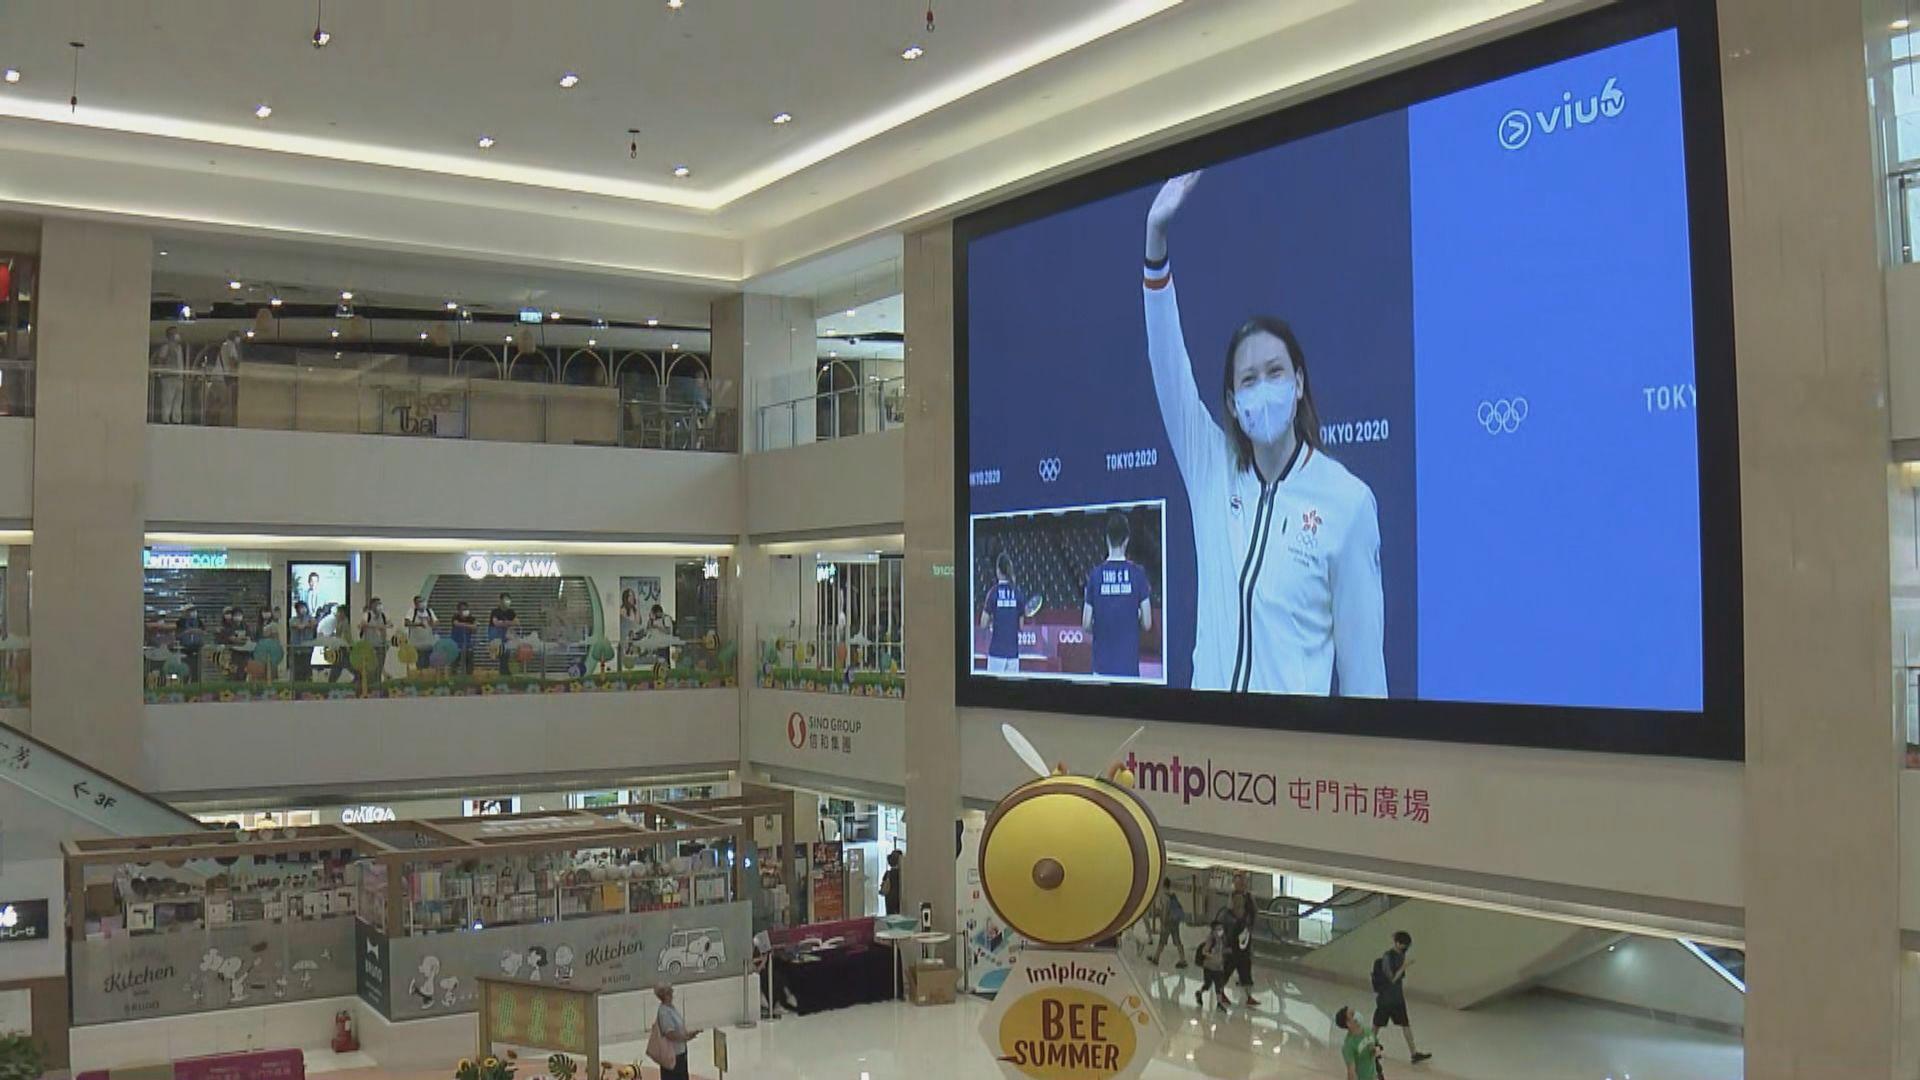 市民商場觀看奧運直播 對港隊表現感自豪
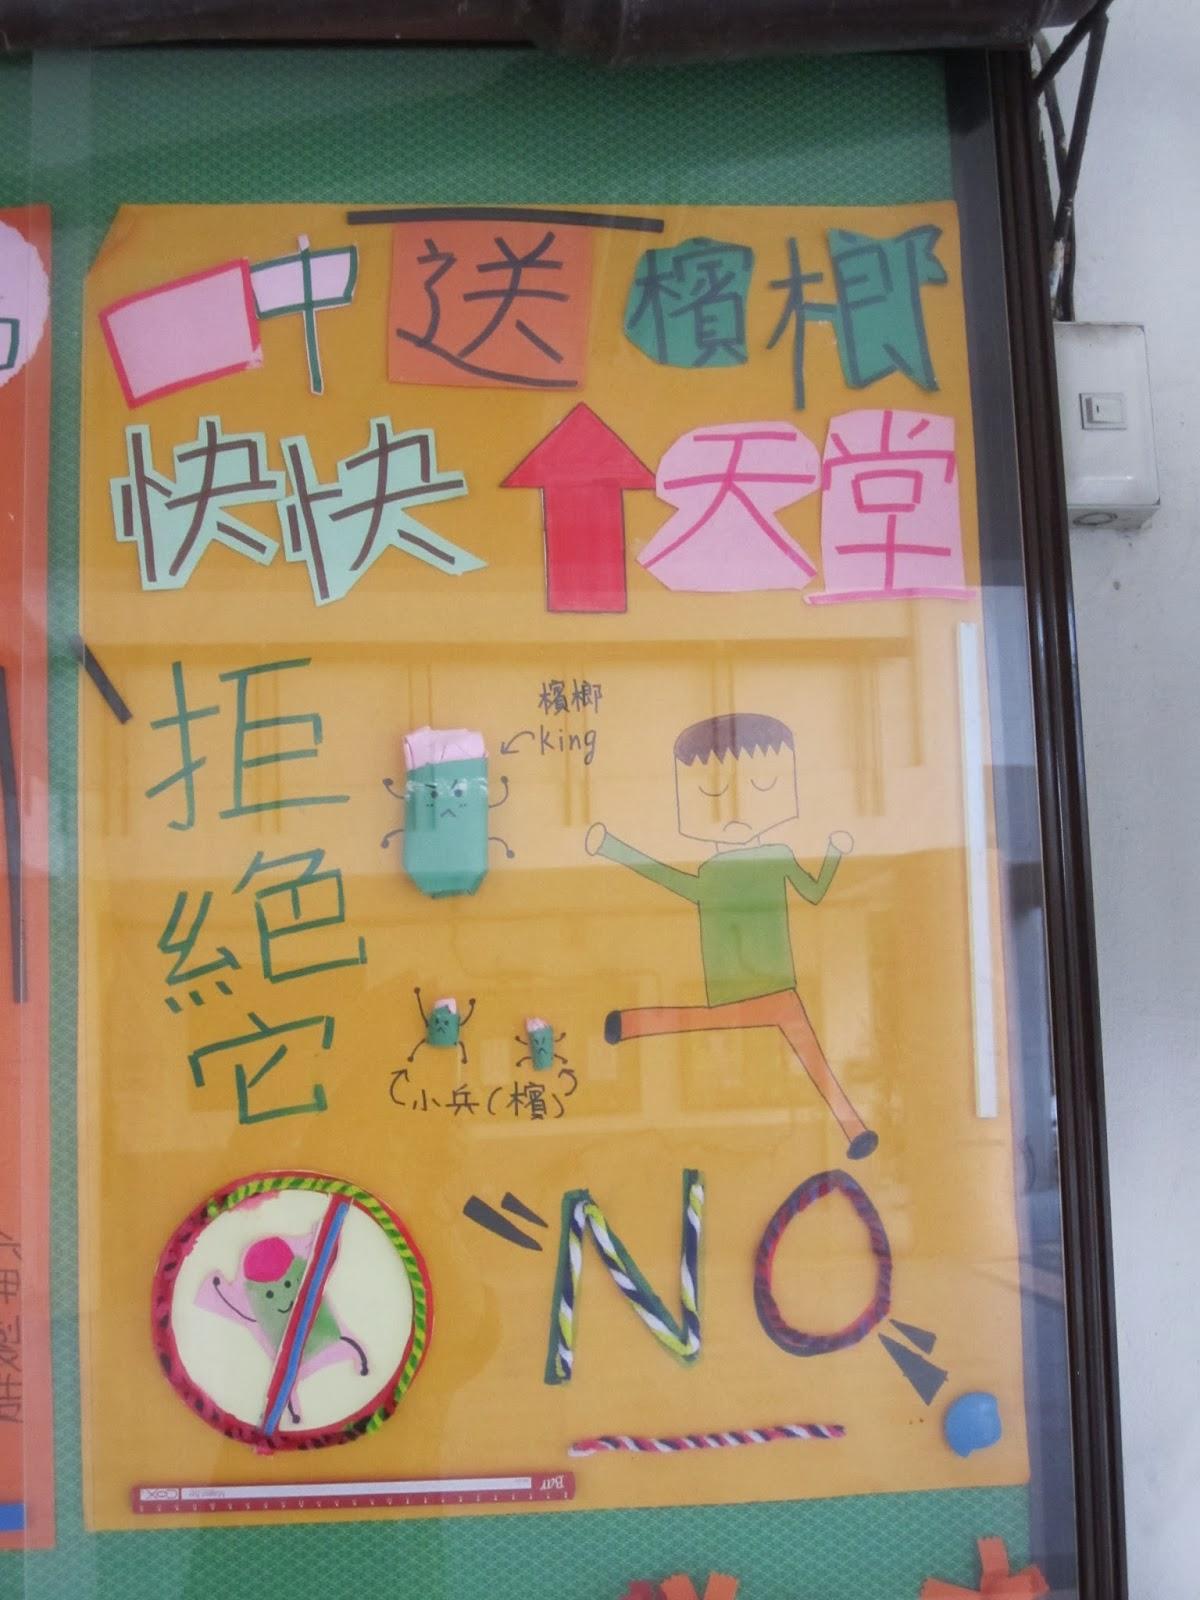 明宗國小健康促進學校成果網: 紫錐花反毒宣導海報
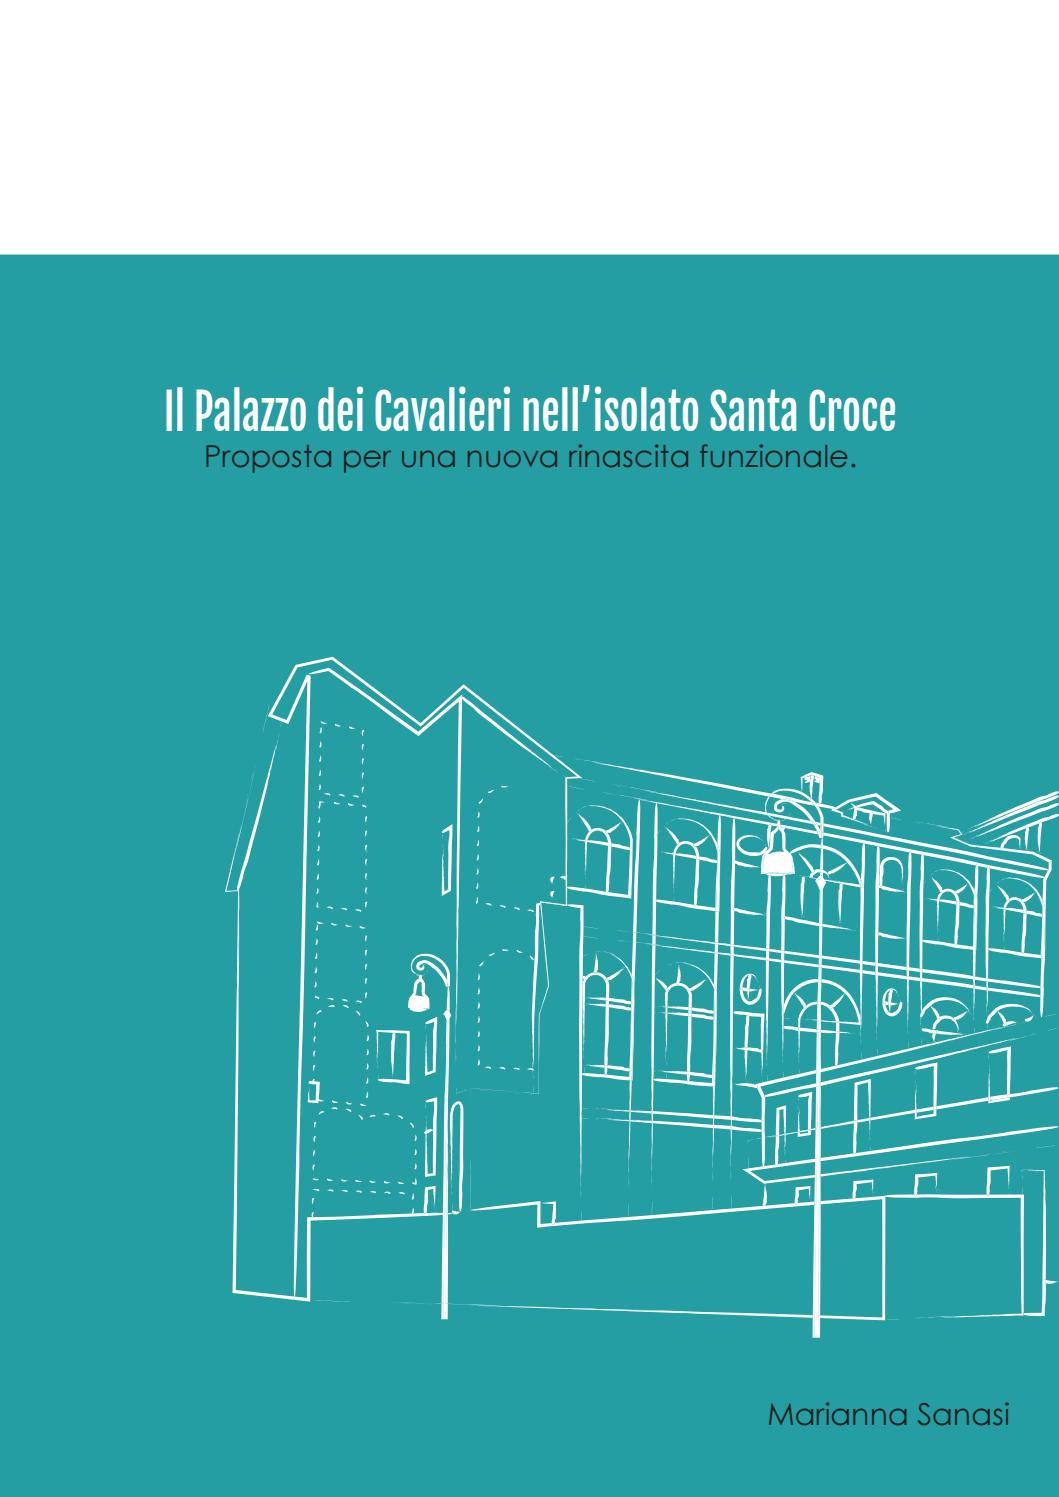 Polito Calendario Cronologico 2020.Il Palazzo Dei Cavalieri Nell Isolato Santa Croce Proposta

++++++++++

• HOW TO COMPLETE THIS TASK: Without including any pictures, print all of the material exactly as given.

• RESULT FOR THIS TASK:
 市民商場觀看奧運直播 對港隊表現感自豪
 明宗國小健康促進學校成果網: 紫錐花反毒宣導海報
 Polito Calendario Cronologico 2020.Il Palazzo Dei Cavalieri Nell Isolato Santa Croce Proposta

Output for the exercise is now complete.